Five years ago, I wasn't in a good place. I'll spare you the horrible details of what was going on at the time. Chances are, if you're reading this, you already know. Suffice to say, I'm still dealing with all the bullshit. But here's a list of all the things that have already gone right for me this year, and things that continue to go right for me. We'll start from the general to the more specific (and important), and I'll attempt to explain why each one is a good thing, in case it isn't obvious.

  • I'm alive. That's (arguably) better than the alternative.
  • I still have a job. I see so many people out there who don't, who can't make ends meet, who can't even get a foot in the door. I've got twenty years with the same university.  I realize that's around half of my life working for the same entity, but that same entity has allowed me to put a roof over my head, clothes on my back, and food on my table.  I have health insurance because of that university, and I can provide for my family because of it. 
  • Actually, I have multiple jobs. I work for two universities (one as staff, the other as faculty).  I also am a martial arts instructor (5th dan black belt), and I'm a writer. 
  • My daughters love me. Self explanatory.
  • I have thirteen books published. Thirteen. How many people out there never get one published?  Lots. Let alone thirteen. 
  • My fur-babies. Yeah, I know, but still.  I have a pug and three cats. I can't even express to you how much better they make me feel. 
  • My friends. I used to only need the fingers of one hand to count the number of real friends I had, and I was fine with that. Now I need a few more hands, and I consider myself really fortunate that so many people out there love me. 
  • My family. Not just my little nuclear family, but my extended family. There are people that I consider to be more than friends, people who became part of my family through marriage, etc. I count myself lucky to have all of them. 
There's one other thing that I have to list, but I didn't want to relegate it to a bullet point. I am the luckiest man alive on many points, but none so much as this: Katie. Two years ago, I walked into karate class and there was this girl there.  She wore a pink uniform (a thing unheard of for anyone but Judo Gene LaBell), had pink hair, pink sneakers, a pink gym bag, and a pink water bottle. I started calling her Pinkie Pie because I do irritating things like that. Then a curious thing happened. I fell for her.  Hard. I thought there was no way a girl her age (she's 18 years younger than me) would be interested in a guy my age, but she was such a wonderful person that I knew I still wanted her in my life. So I was content to be friends with her. 

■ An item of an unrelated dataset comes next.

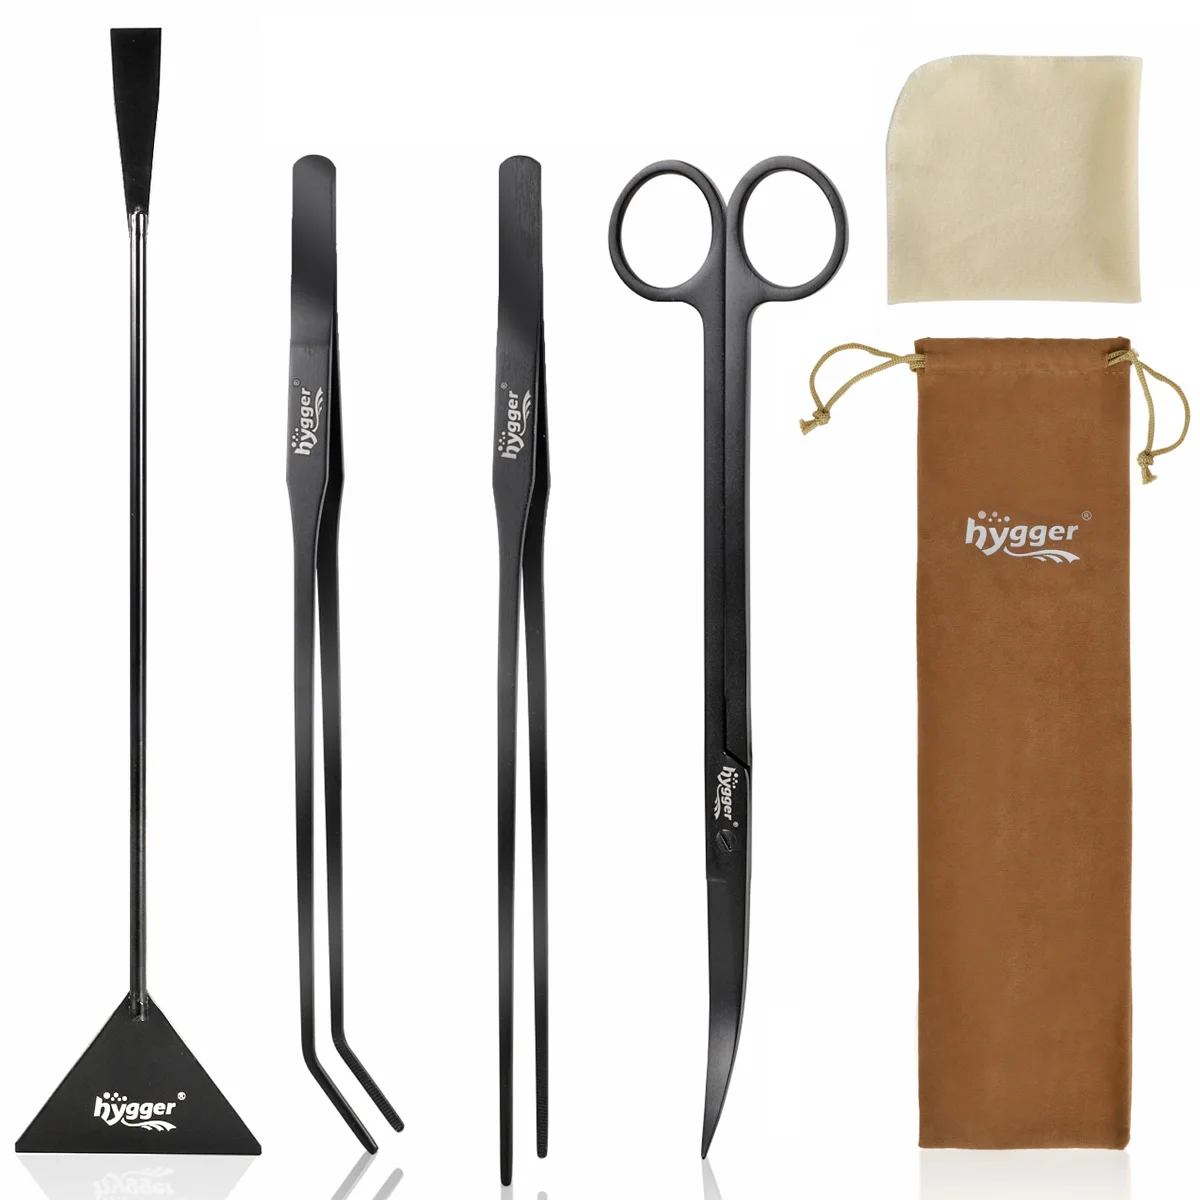 

Long Stainless Steel Premium Aquarium Tools 4 PCS Aquatic Plant Tweezers Scissors Spatula Kits Comes with 1 Cleaning Cloth, Black

Then another curious thing happened.

She told me she didn't want to be just friends. A year after our first date, I asked her to marry me, and she said yes. 
At our fairy-tale wedding.
So you see, my life isn't so bad. My life has gotten better, in fact. Depression be damned.  I fight it every day, and sometimes, all I have to do is look over and see her standing next to me to know that my life can and will get better.  Yeah, I know, I'm a sap, but I don't care. 

The bottom line is this:  For everything that's happened, for all the pain and misery, for all the sad times, I'm in a good place.  Family, friends, pets, motorcycles, and writing have helped me to climb out of the hole I've been in for years, and I'm starting to feel happy again. 

To anyone out there suffering from depression:  It can get better. It really can. Get help if you can, but hold on because you must. It gets better. Life gets better. The world gets better. And mine is a little less dim now.